Sorting normally implies moving the most similar items together into a simple incremental pattern, "antisorting" suggests the opposite here - moving items out of a simple pattern ensuring the most similar items are not placed close to each other.
Functions antisort and aindex are designed for this:
antisort(inarray, ..opts)'super-shuffles' arrays out of order.aindex(array or length, ..opts)returns an 'antisorted' index for accessing arrays out of order.
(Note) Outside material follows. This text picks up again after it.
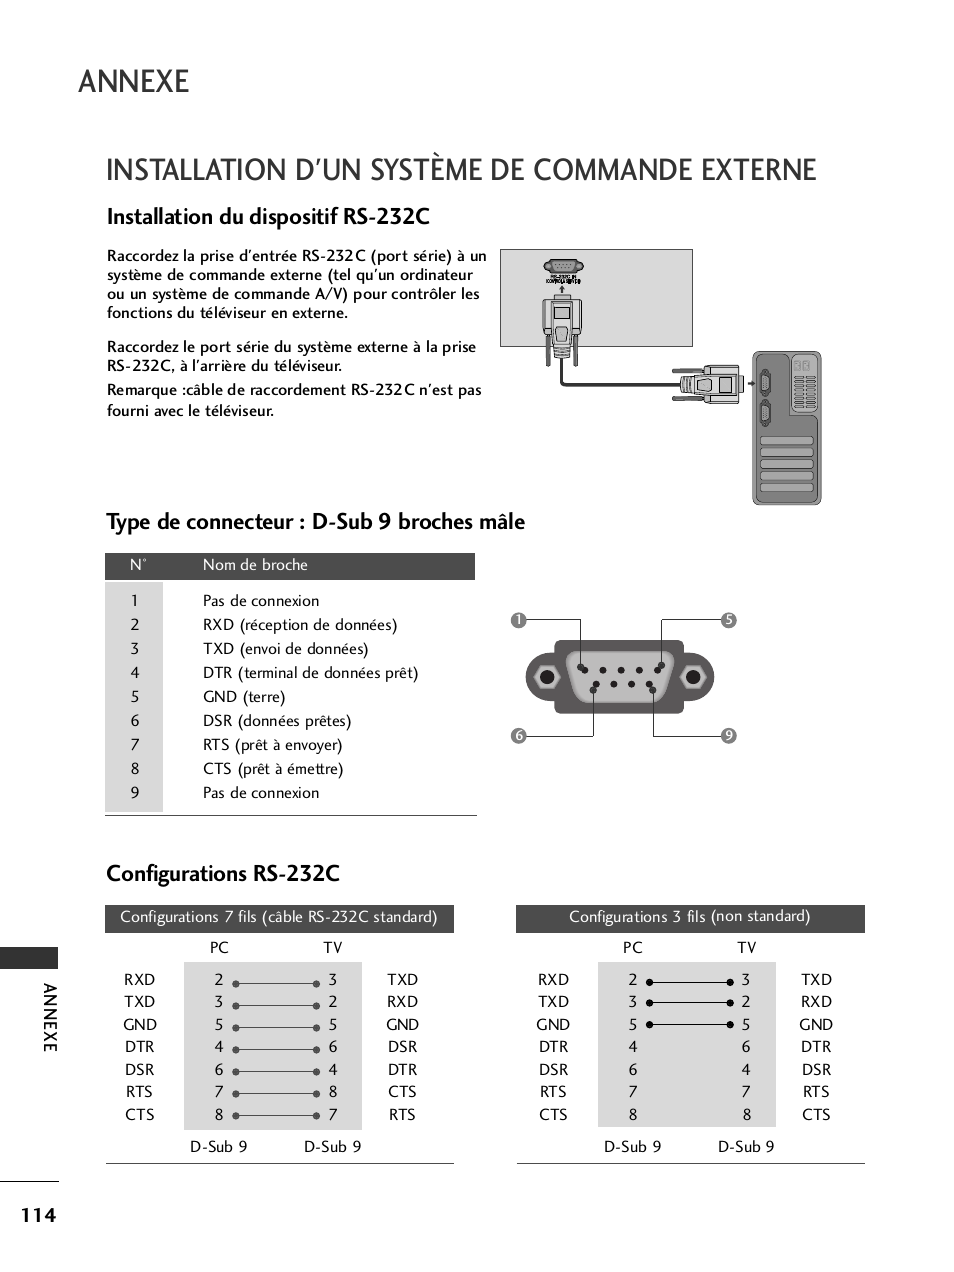 Installation d'un système de commande externe, Annexe, Installation du dispositif rs-232c | LG 50PQ6000 Manuel d'utilisation | Page 116 / 124

The functions can re-arrange arrays by their elements initial indices or by elements numeric values such as song quality ratings, ages or sizes. The output will be quite randomly shuffled or indexed except items of similar value (or initial position) will not be located next to each other after the antisort. The algorithm used is basically a random shuffle followed by fuzzy checking and swapping values until all are clear.
The minimum distance ensured between consecutive values is generated automatically and works out as approximately 9% of the total range. Half the 'immediate-neighbour' distance is also ensured between '2-doors-away' neighbours.
For an antisort of a simple list running 0 to 100 eg antiList=pot.aindex(100), the auto-minimum-separation between consecutive elements will be 8 or 9, and min-separation between '2-away' elements will be 4 or 5. The minimum separation drops when the input values are less diverse (or smaller).
For diverse values the functions do not take much longer than a standard shuffle, to antisort a few million awkward values takes a second or two and will time-out if data is not diverse enough to be separated by its fuzzy process.
antisort([1,1,1,1,2,2,2,2]) //returns [1,2,1,2,1,2,1,2] or [2,1,2,1...]
antisort([1,1,1,2,2,2,2,2]) //timeout trying to fit the extra 2
aresult() returns the approximate value of the minimum separation achieved by the previous antisort. If '2-away' separation was not achieved aresult() returns a negative value of '1-away' separation (negated). If no separation was achieved it returns 0.
/* Examples of aresult() */
k= p.antisort(vals,[]) //2nd param is an output array (to not overwrite input)
approx= p.aresult() //this recalls approx min separation tracked by algorithm
exact= p.aresult(k,vals) //this computes the exact min separation achieved
h= p.aindex(vals.length)
exact= p.aresult(h) //dont pass index array to compute result of inplace antisort.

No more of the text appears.